In a linear equation expressed in the slope-intercept form, the slope is a crucial element that tells you how steep the line is. It's represented by the letter \(m\). The slope is calculated based on how quickly the \(y\) value changes to the \(x\) value. In the coordinate system, we say that the slope is the "rise over run," or the change in \(y\) over the change in \(x\).
For example, if an equation is written as \(y = \frac{3}{2}x + 3\), the slope, \(m\), is \(\frac{3}{2}\). This means:

• For every 2 units you move horizontally (to the right), the line rises vertically (up) by 3 units.
• If you move horizontally 2 units to the left, you go down 3 units vertically.

Understanding this makes it easier to draw the line accurately on a graph. Remember, slopes can be positive, negative, zero, or undefined, depending on the direction and steepness of the line:

The y-intercept of a line is where it crosses the y-axis. It's like the starting point of the line if you were walking from left to right on the graph. You'll find it by looking at the \(b\) value in the slope-intercept form \(y = mx + b\).
For our example, \(y = \frac{3}{2}x + 3\), the y-intercept \(b\) is 3. So, the line crosses the y-axis at \( (0, 3) \). This tells you that no matter what value of \(x\), if \(x=0\), \(y\) will always be 3.
The y-intercept is very important, as it helps you start plotting the line. Once you know where the line starts on the vertical axis, using the slope, you can plot any additional points needed to draw the line accurately.

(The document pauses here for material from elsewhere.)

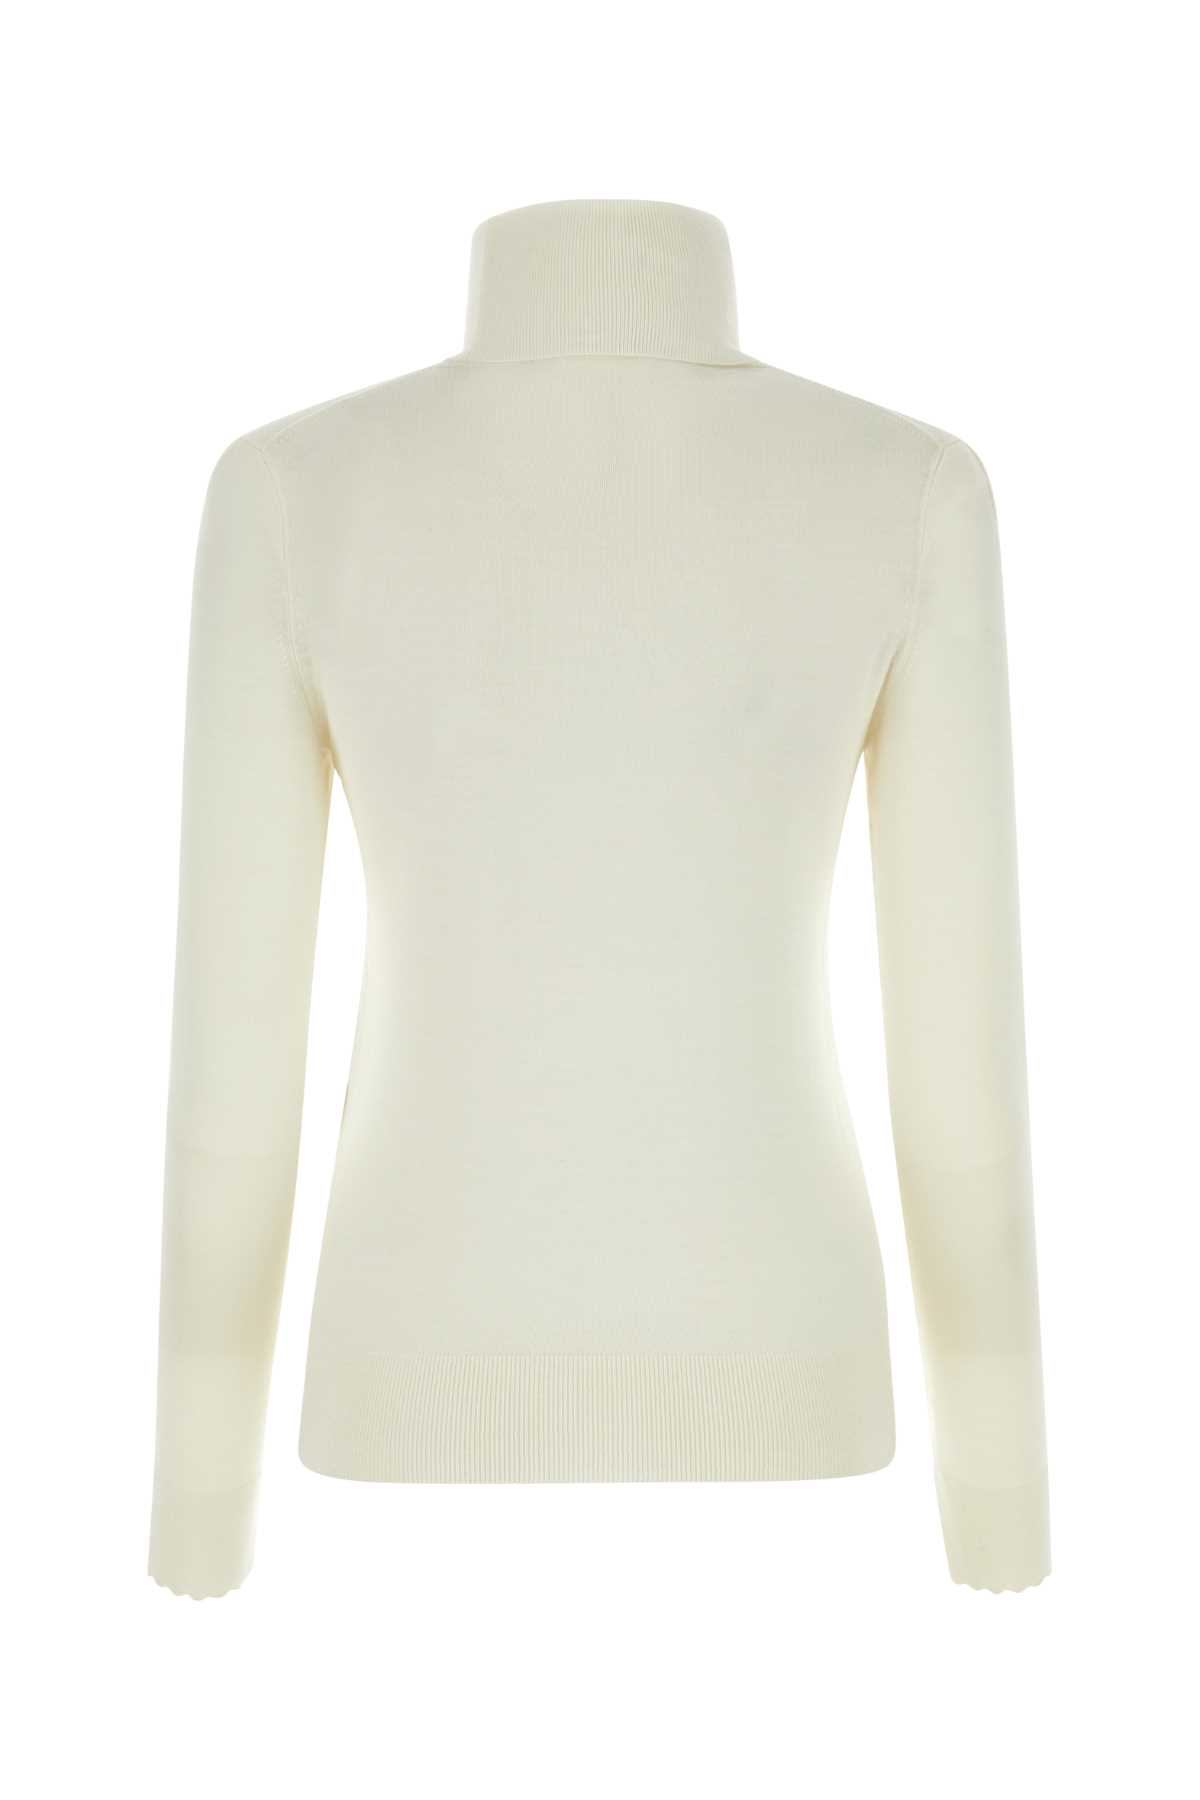 Chloé Ivory Wool Sweater In Iconicmilk

Graphing linear equations involves a series of straightforward steps once you understand the slope and the y-intercept. Let's walk through these steps using the equation \(y = \frac{3}{2}x + 3\).
First, start by plotting the y-intercept on the graph. In this case, the y-intercept is 3, so the point is \((0, 3)\). This is where your line will intersect the y-axis. Next, utilize the slope, which is \(\frac{3}{2}\), to determine the direction and angle of your line.

• From the point \((0, 3)\), move 2 units to the right along the \(x\)-axis.
• From there, move up 3 units parallel to the \(y\)-axis.
• Plot that second point, which will be at \((2, 6)\).

Now that you have two points, you can draw a straight line through them. Extend this line in both directions to complete the graph of the equation. This process allows you to visualize the relationship between \(x\) and \(y\), and with practice, it becomes an intuitive way to graph linear equations.